In general, ???????peptides should first be dissolved in distilled, preferably sterile water. If solubility is a problem, try
the following solution:• Sonication is helpful to dissolve the peptide.
• Small amounts of dilute (10%) aqueous acetic acid (for basic peptides) or aqueous ammonia (for acidic peptides)
may help dissolution of these peptides.
• It is also recommended that the peptide be dissolved to the highest possible concentration, and then diluted with
water or buffer to the working concentration.
• (Note: The buffer should be added only after the peptide is completely in solution form, because salts may cause
aggregation and create further solubility problems.)
Preparation for Use
When preparing the peptide for use, please observe the following steps to maintain peptide quality:
• Warm the peptide to room temperature, prior to opening and weighing out portions of the peptide. (Recommended
warm up time is minimum 40 minutes.)
• Weigh out desired quantity of peptide quickly.
• Reseal vial tightly.
• The experiment should be carefully planned to minimize opening of the peptide vial.
• Store the remaining peptide in freezer, preferably below -20°C and under dry conditions.
• Always use fresh desiccant pouches when storing packaged or bulk peptides to absorb moisture from air in bag and
freezer.
Peptide Storage
Peptides are delivered in lyophilized form and often hydroscopic. Absorption of water will decrease stability of the
peptide and may reduce overall peptide content. For best results, please note:
• Maintain a dry environment and use a desiccator.
• Upon arrival, always store lyophilized peptide in a freezer at -20°C for maximum stability.
• Avoid using a frost-free freezer, because changes in moisture and temperature may affect peptide stability.
• Short-term temperature changes that occur during shipping should not affect product life or efficacy.
Storage of Peptides in Solution
It is not recommended to keep excess peptides in solution. The shelf life of peptides in solution is very limited, especially
for sequences containing cysteine, methionine, tryptophan, asparginine, glutamine, and N-terminal glutamic
acid. In general, aliquot the necessary amounts of peptide for the day and re-lyophilize remaining portions. If storage
of peptides in solution is absolutely unavoidable, use sterile buffers at pH 5-6 and store aliquots at -20°C to prolong
the storage life of peptides in solution.

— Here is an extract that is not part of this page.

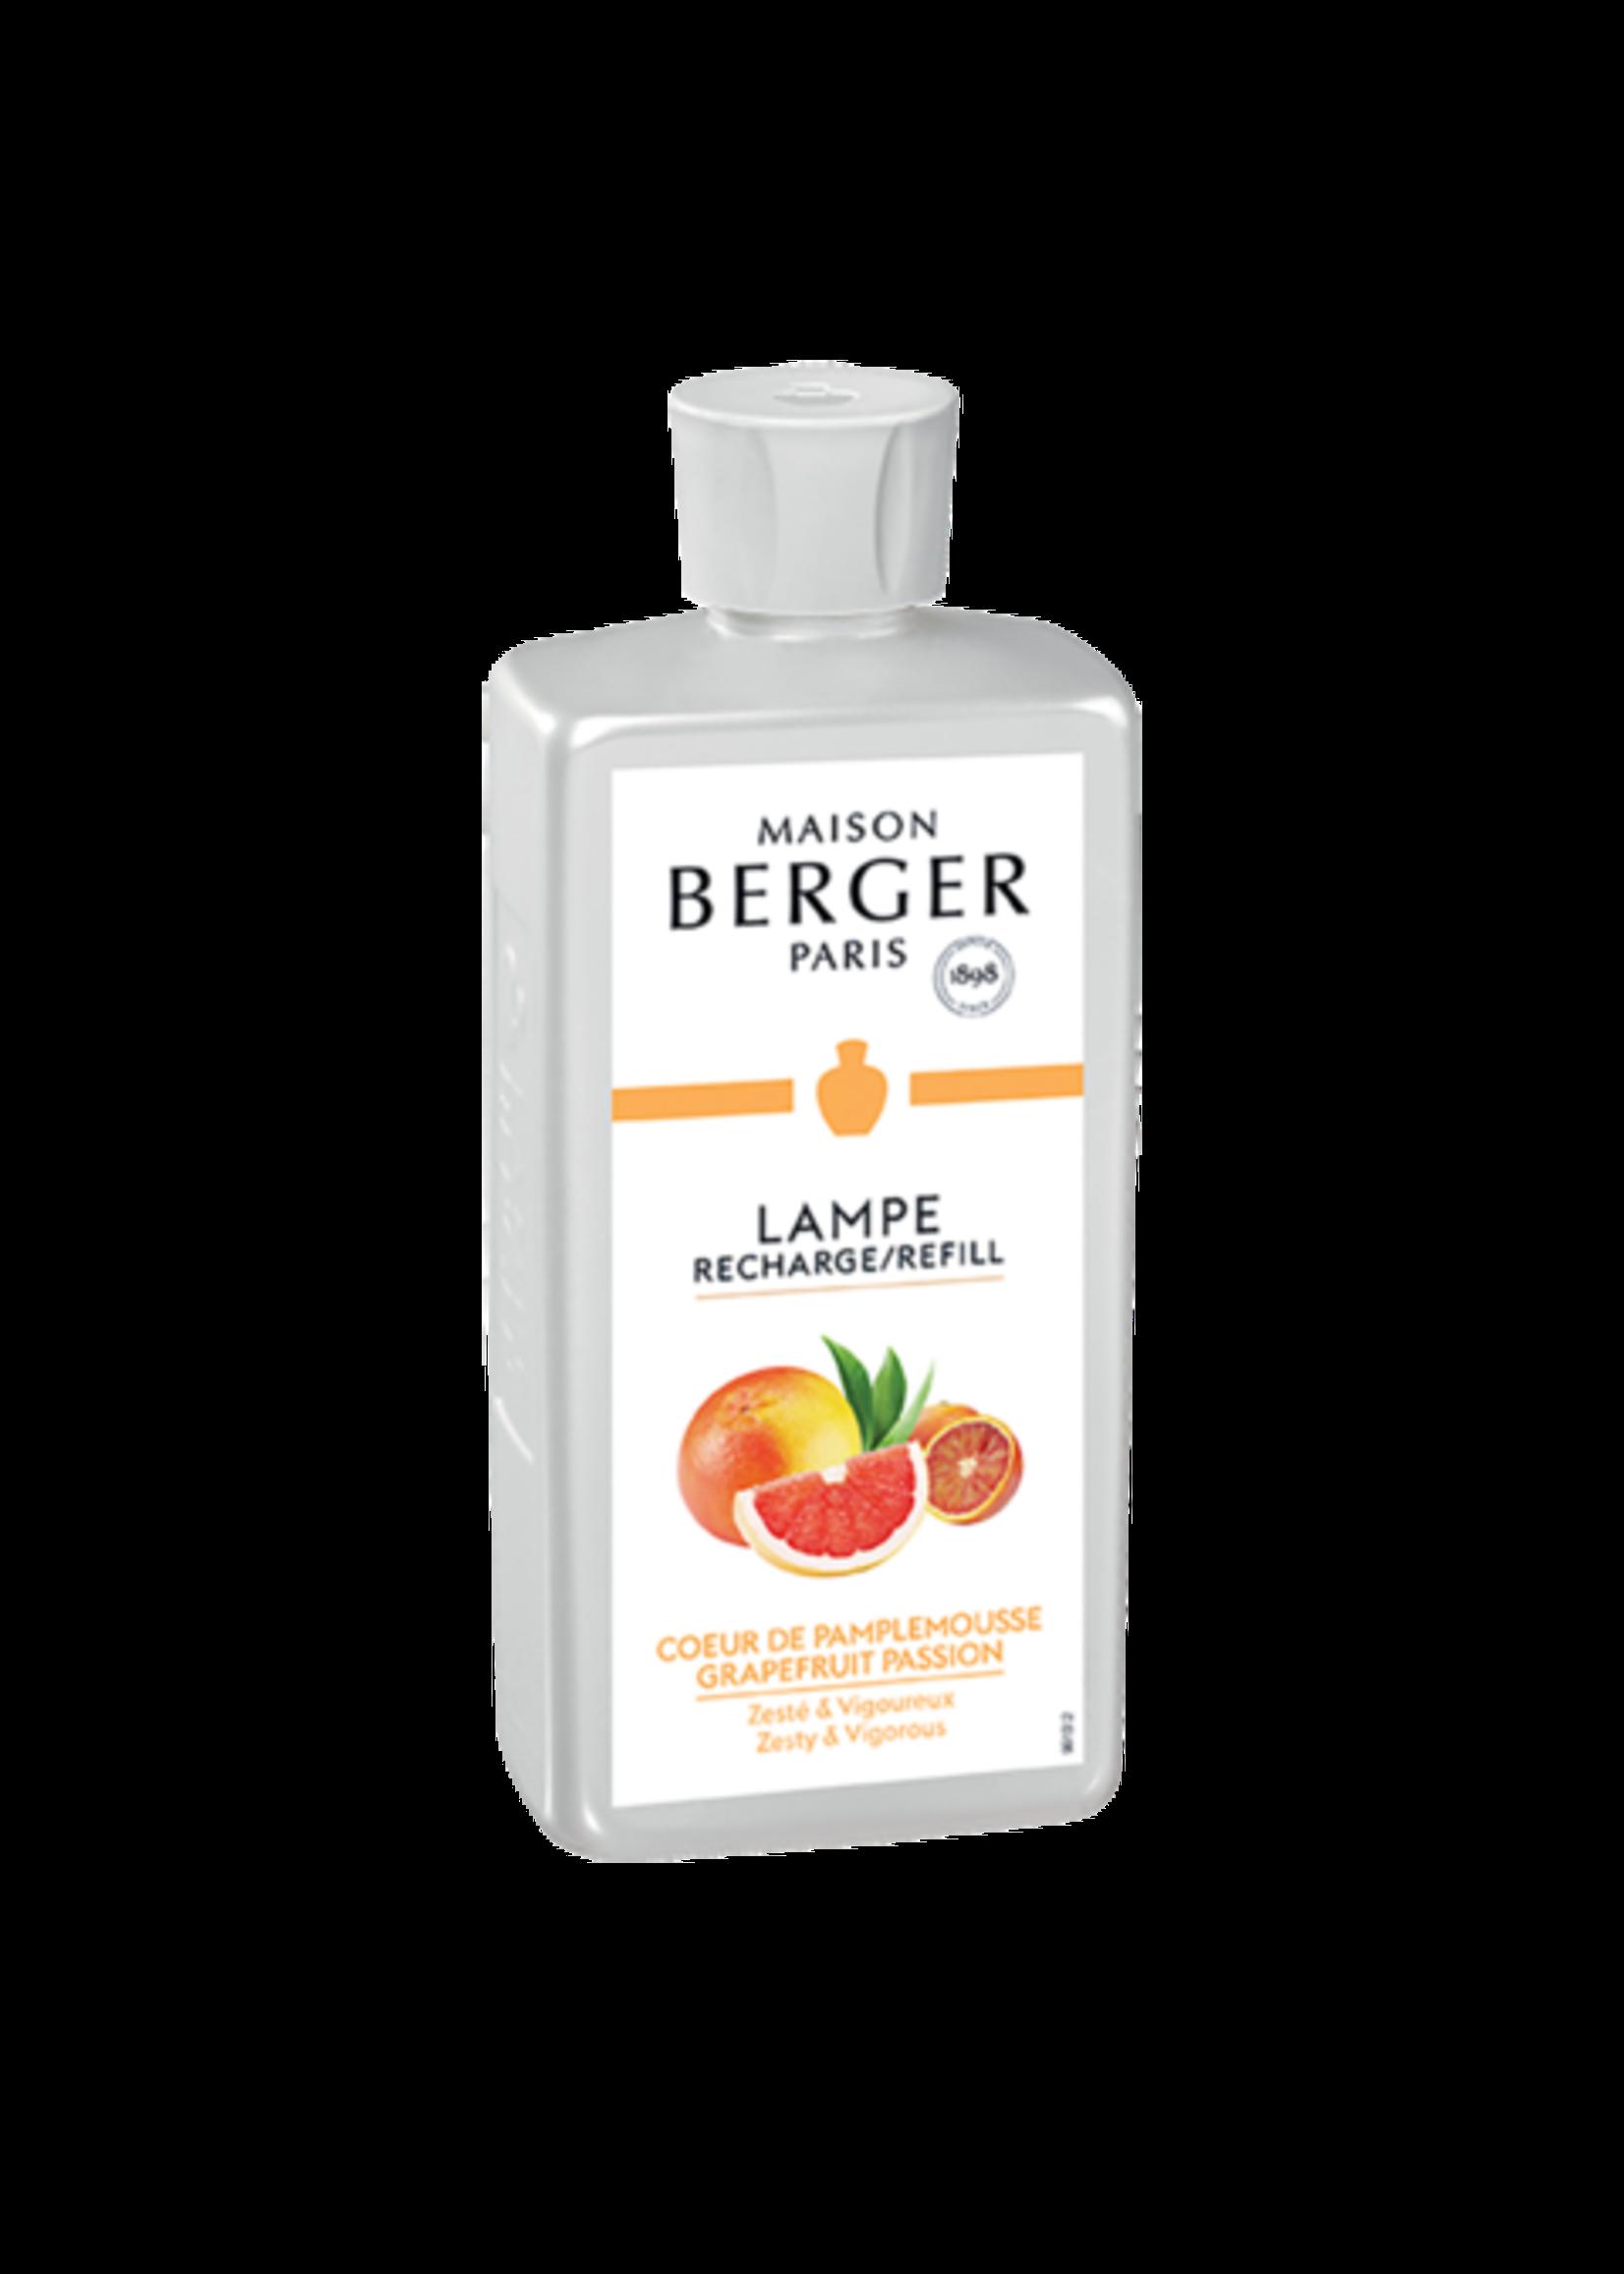 Maison Berger Grapefruit Passion

We recommend if peptide solution cannot be used all at once to re-lyophilize unused portion. Peptide is more stable
in powder form.Net Peptide vs. Gross Peptide Weight
When ordering or receiving quotations for peptides, it is important to specify the amount in either gross or net peptide
weight. In most cases, peptides are sold in gross peptide weight unless otherwise requested.

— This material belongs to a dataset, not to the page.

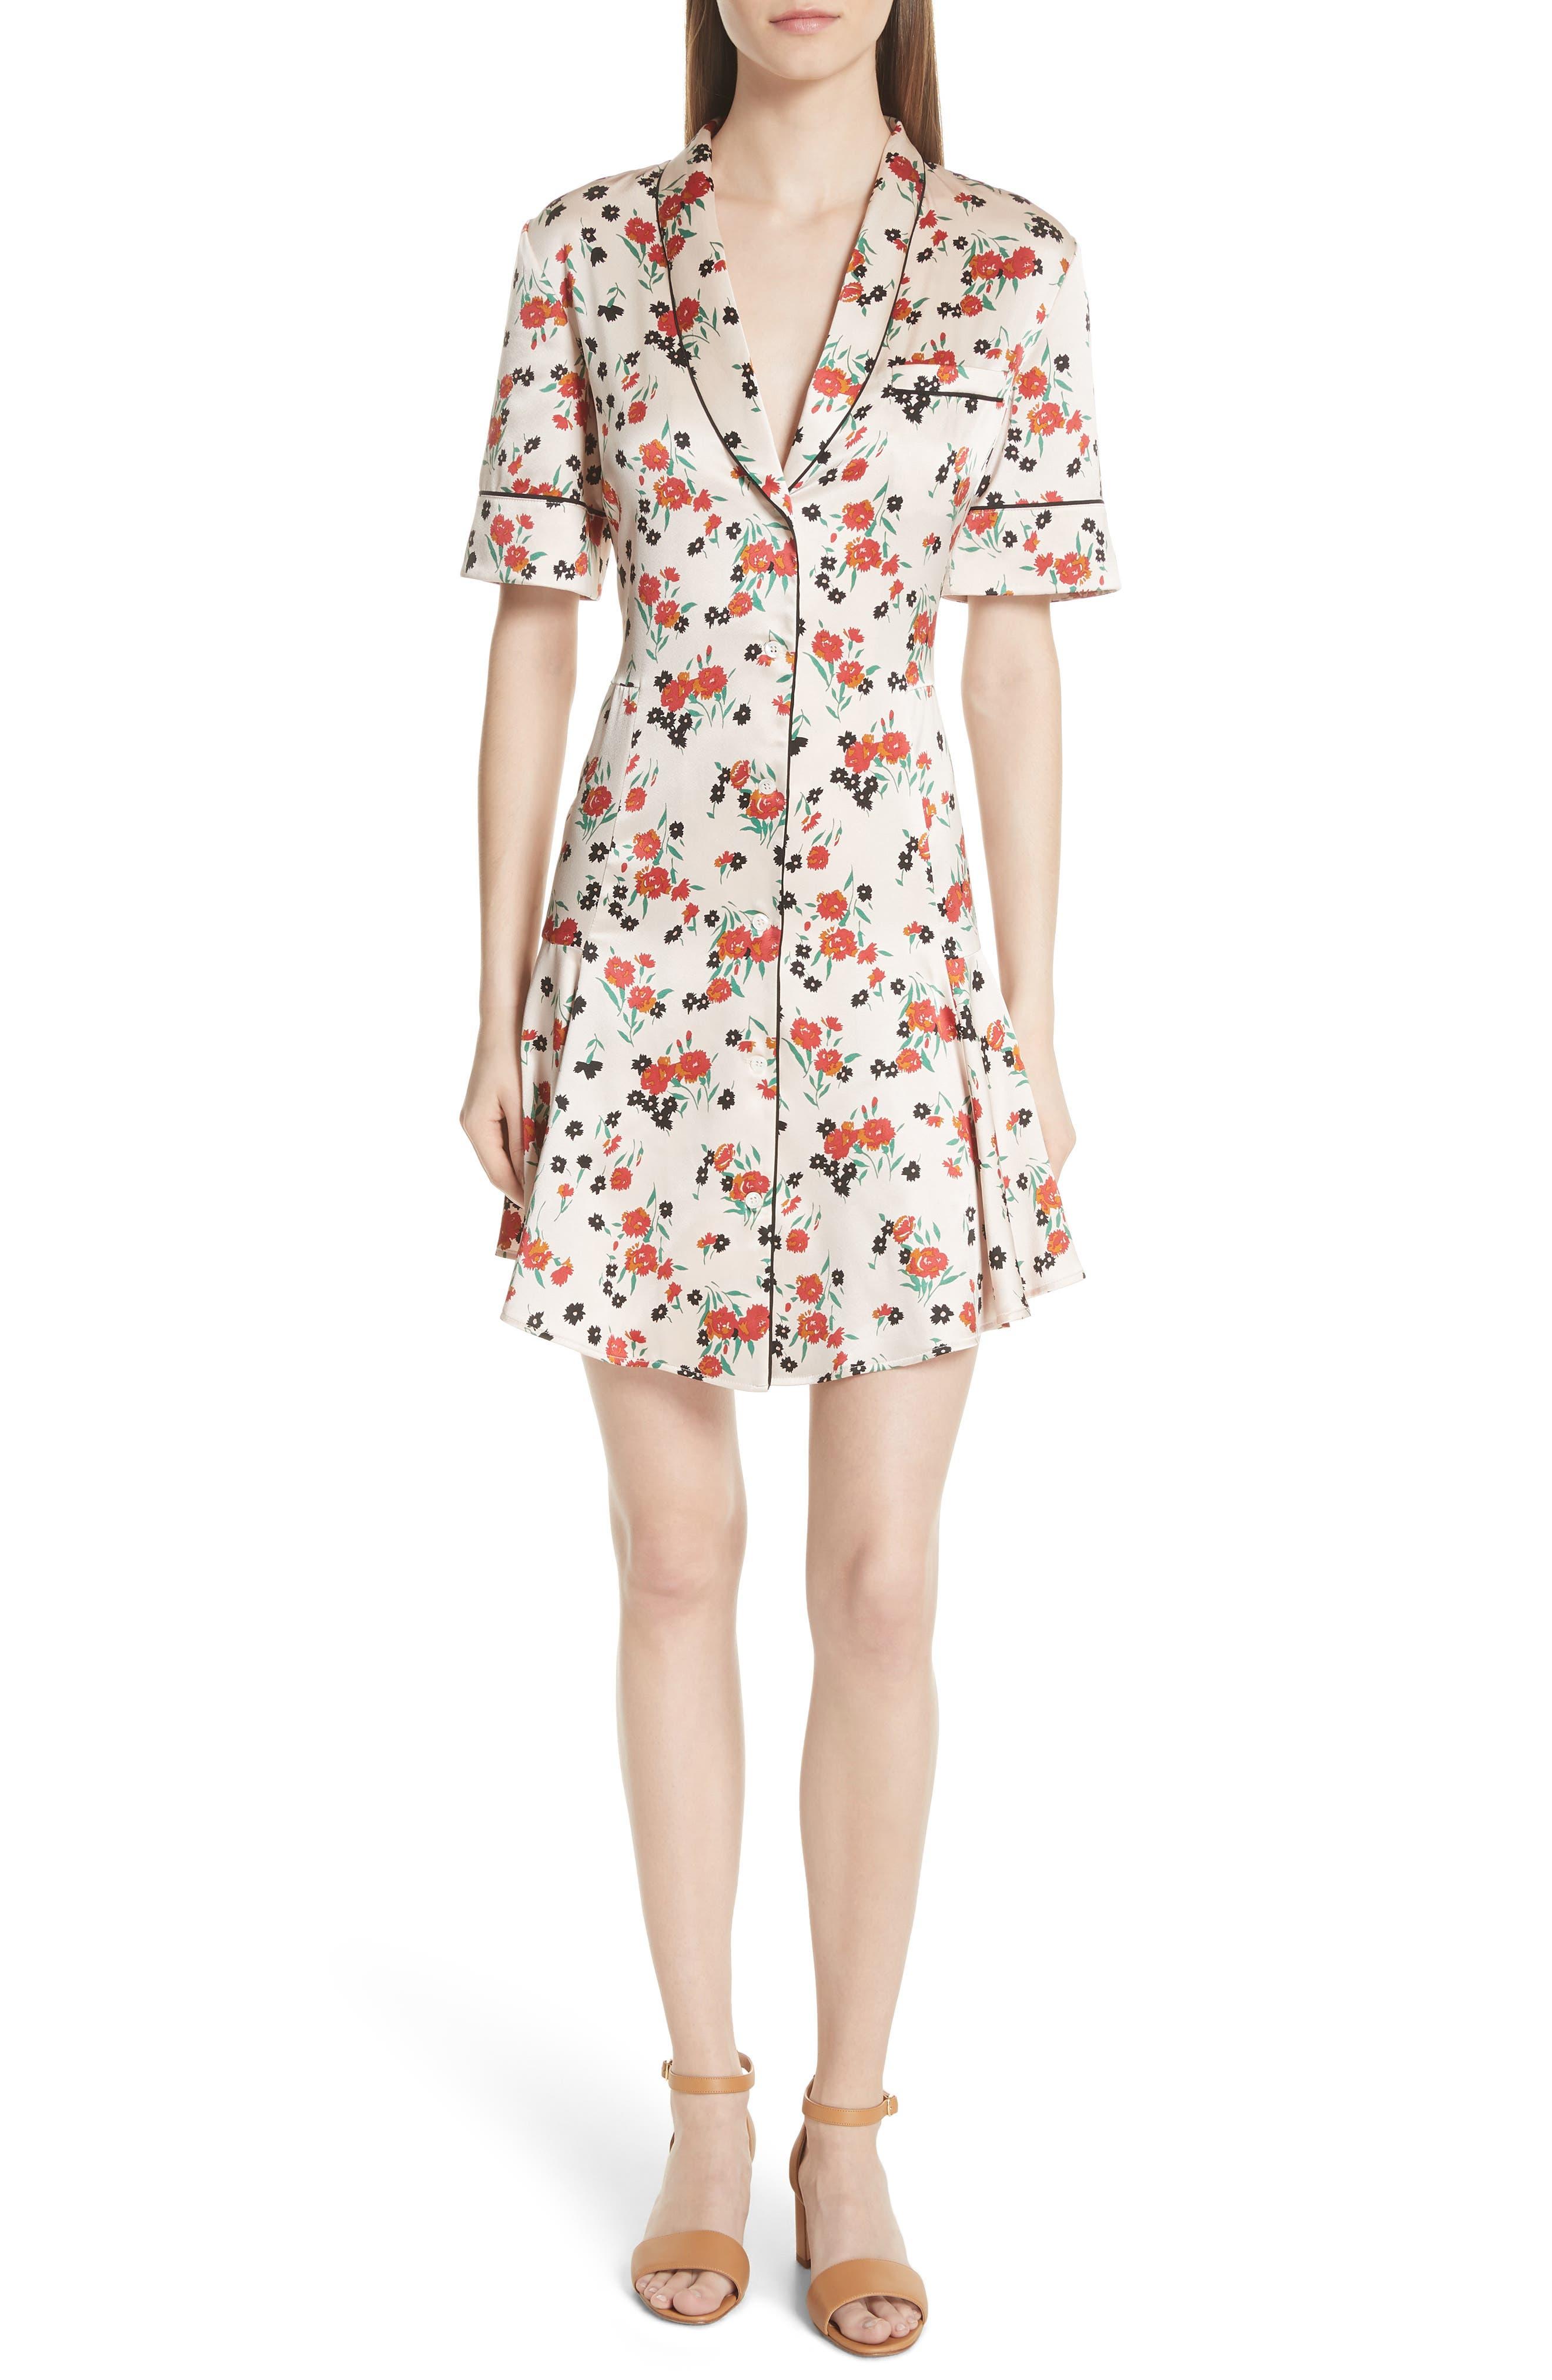 A.l.c. Ruthie Floral Print Stretch Silk Dress, Pink

After purification and final lyophilization, the white peptide powder will contain some counter ions, residual trace
solvents, and moisture. The most common counter ions include trifluoroacetic acid (TFA), sodium (Na), phosphate
(PO3), and acetic acid (AcOH). If a TFA buffer was used during the final purification, for example, it can form a salt with
amino groups on the side chains of lysine and arginine residues or on the amino terminus of the peptide. TFA salt,
the residual traces of TFA can cause the pH of your solution to drop below 7. For this reason, it is often necessary to
check and adjust the pH of your peptide solution to reach your desired pH. In addition to counter ions, peptides can
absorb and maintain a particular amount of moisture or water content. This depends primarily on the hydroscopic
nature of molecule. As a general rule, a greater percentage of hydrophilic residues contained in your sequence, the
more hydroscopic the peptide will be. It is generally impossible to render a peptide completely anhydrous.
When calculating the concentration of peptide solution for your biological assays it is essential that you account for
peptide content. The peptide content can be determined by amino acid or nitrogen analysis for each lot of material.
It is important to note that the peptide content normally can vary from lot to lot - unless the process has been
validated. To ensure consistent peptide concentrations, please always substract the nonpeptide weight when determining
what volume of solvent to dissolve your peptide. For example, to make a 1mg/ml solution of peptide with a
content of 80%, you would use 800ul of solvent instead of 1000ul.